Today we’d like to introduce you to Mike Cabellon.
Hi Mike, we’d love for you to start by introducing yourself.
I grew up in Las Vegas and went to school in Chicago, and spent all that time learning how to be funny and how to make stuff. I moved to New York after graduation, where I taught myself how to combine being funny and making stuff. Then I moved to LA, where I currently get paid to be funny and make stuff.
We all face challenges, but looking back would you describe it as a relatively smooth road?
Has anyone ever said “yes” to this question? I think everyone has struggles! Most of mine probably relate to race. That question of, “Would I be treated like this if I were white?” rattles around in my brain constantly. I think almost every POC in Hollywood can relate, and I think eighty or ninety percent of the time, the answer is “nope.”
There’s also a question of socioeconomic status, which, jeez, I could talk about forever. But I think a lot of people in Hollywood kind of skirt that topic when they’re talking about struggles in the industry because oftentimes successful people come from some form of privilege. It’s just so much easier to go to an audition at two in the afternoon if you don’t have to worry about having a day job because your parents are paying your rent, you know? I never really had that luxury, so that definitely made things harder.
Can you tell our readers more about what you do and what you think sets you apart from others?
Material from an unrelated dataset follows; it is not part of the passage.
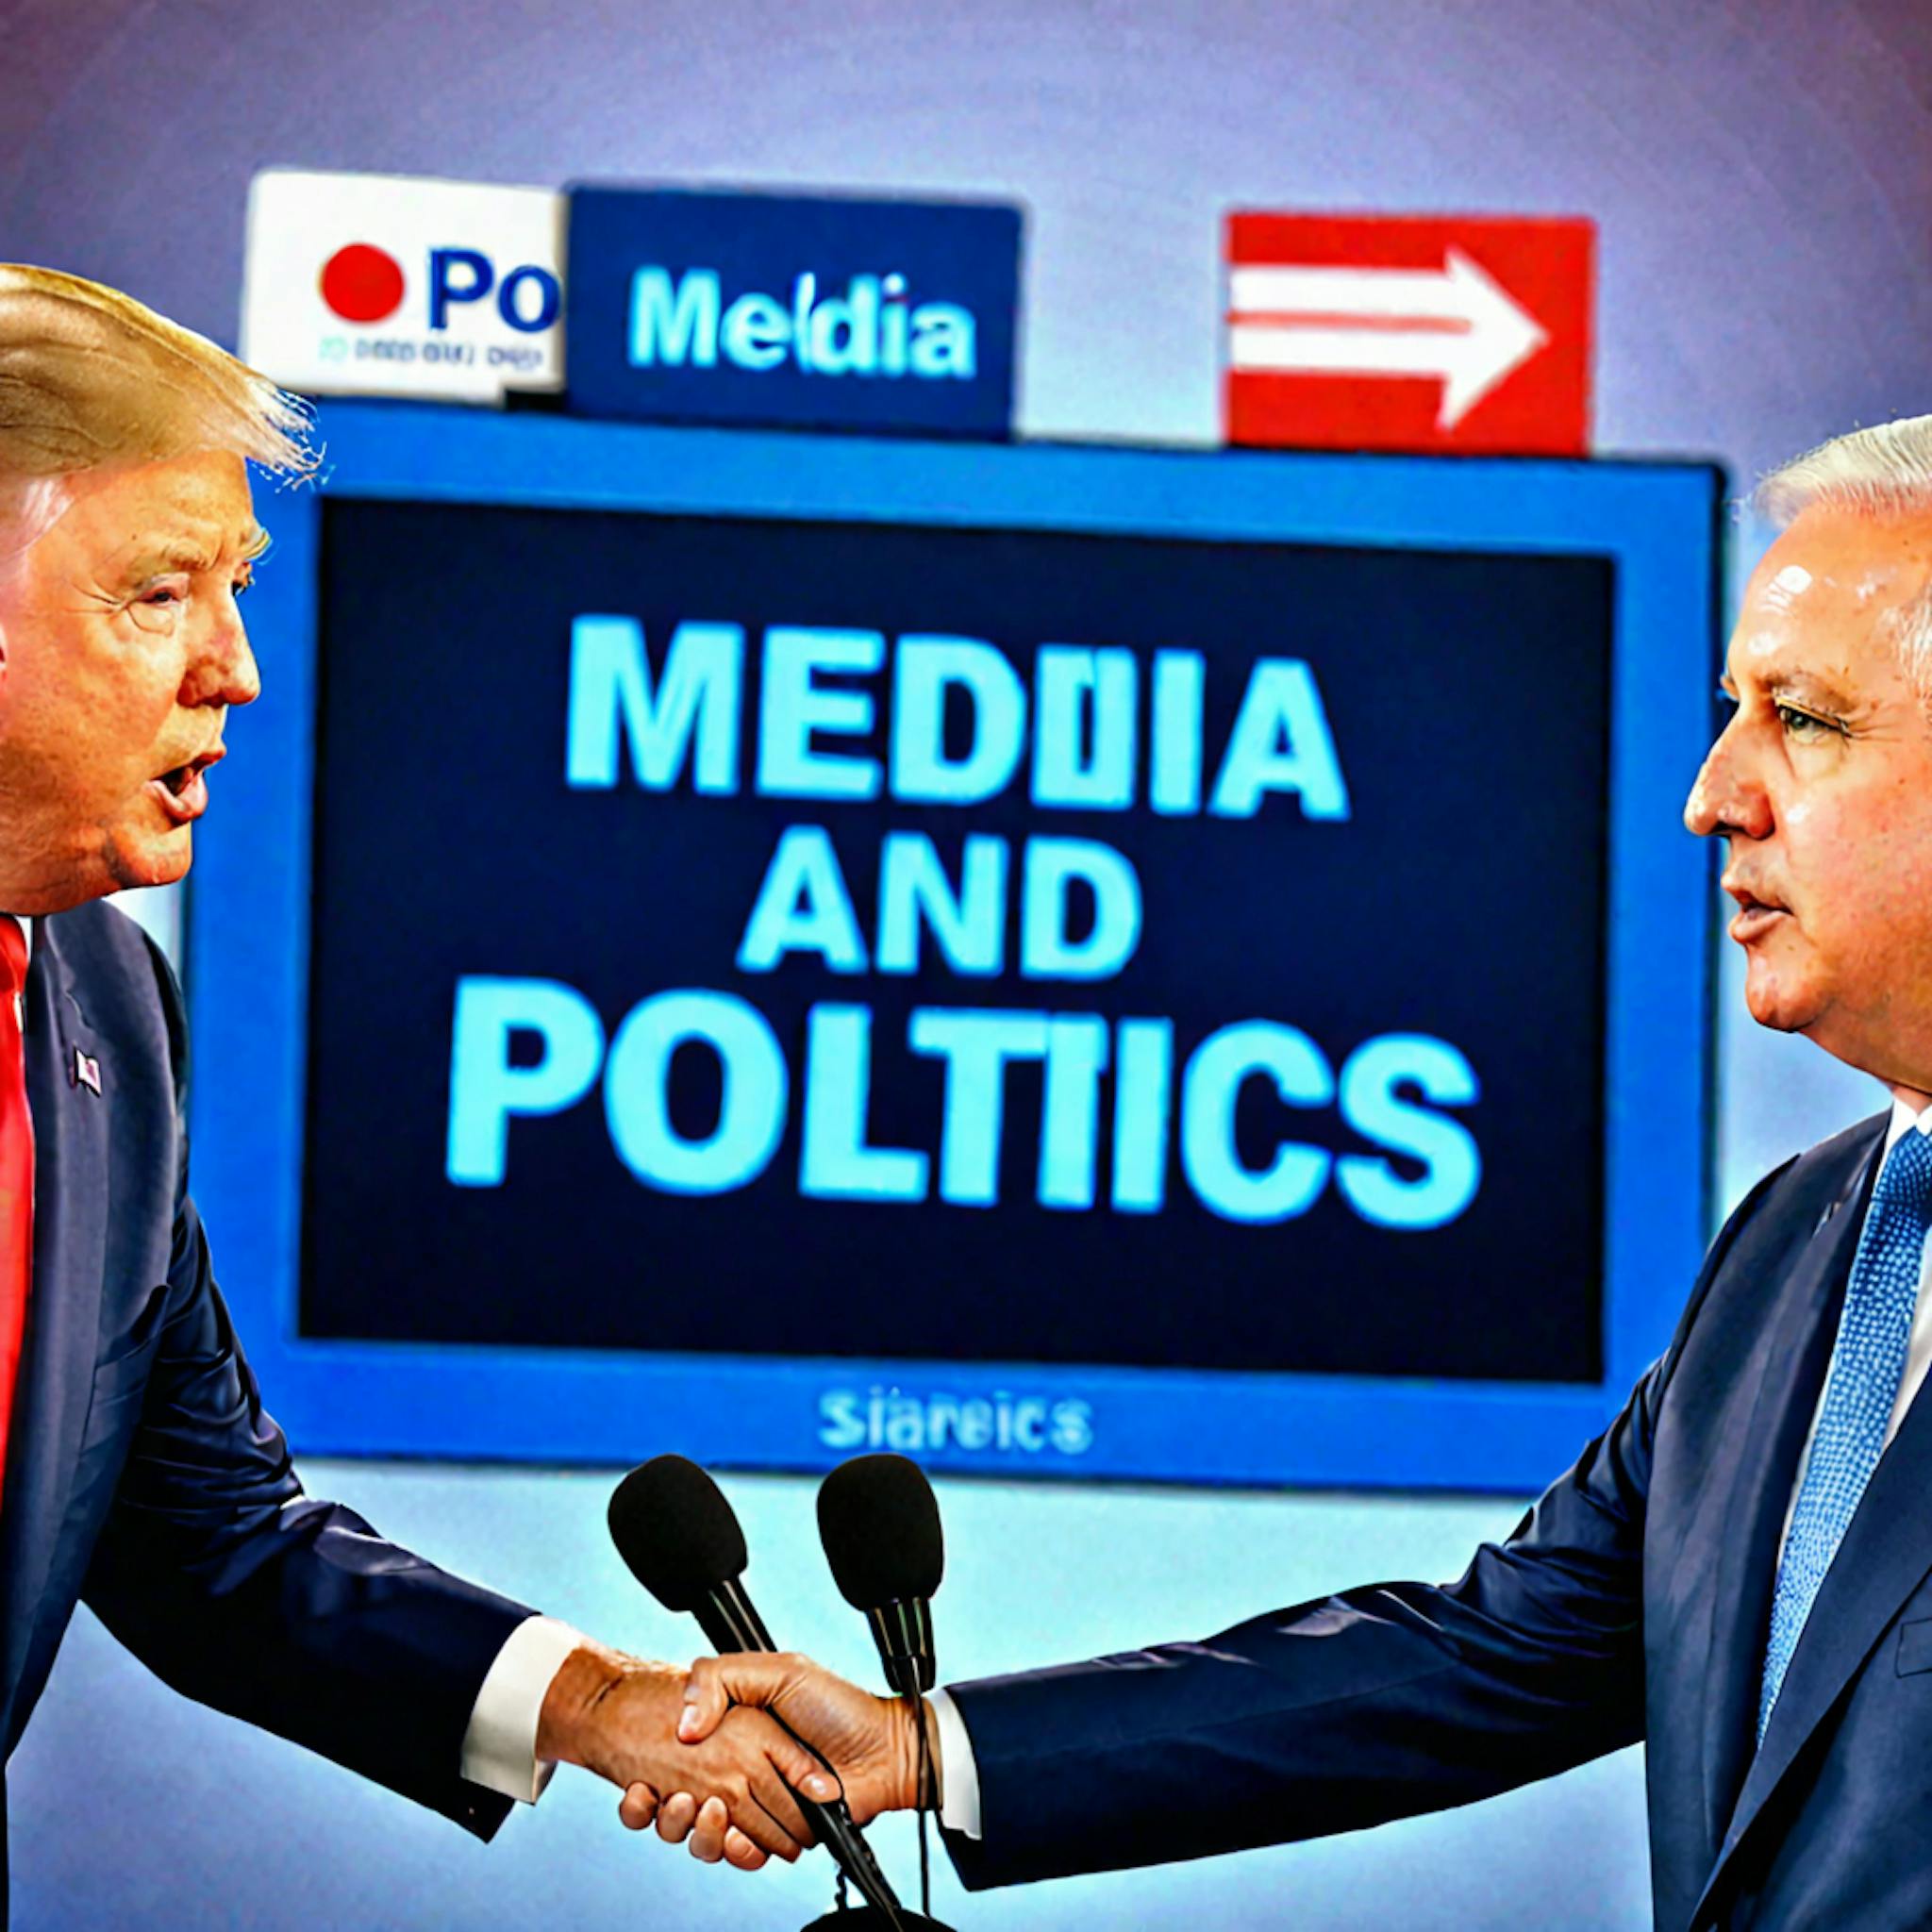 featured image - Classificação multilíngue da postura política grosseira da mídia: limitações e declaração de ética

In my experience, the most useful way to make connections is to find collaborators and other people at your level who you can work with. Lateral networking, so to speak. Find peers, not idols. If you can find people who understand you and who you enjoy working with, you’ll come up together and root for each other and lift each other up in ways that will help so much more than trying to reach upward toward some executive or department head or whatever. Find your people! When other members of that group start to do well, they’ll pull you up with them because you’ll have a shared history of work and trust. A rising tide lifts all boats, you know?
Do you have any advice for those looking to network or find a mentor?
I think that for a lot of Asian Americans in Hollywood, mentorship is tricky. Ideally, a mentor should be someone who’s already done the things you want to do and can help guide you through tough situations with their wisdom and experience. But there honestly aren’t that many older Asian Americans who came before us and have had the kind of success that we’re aiming for. It’s not their fault, they just came up in a drastically different system that kept them in a little box. We’re just now starting to break down those boxes, so there’s all this uncharted territory available to us now that nobody really knows how to navigate.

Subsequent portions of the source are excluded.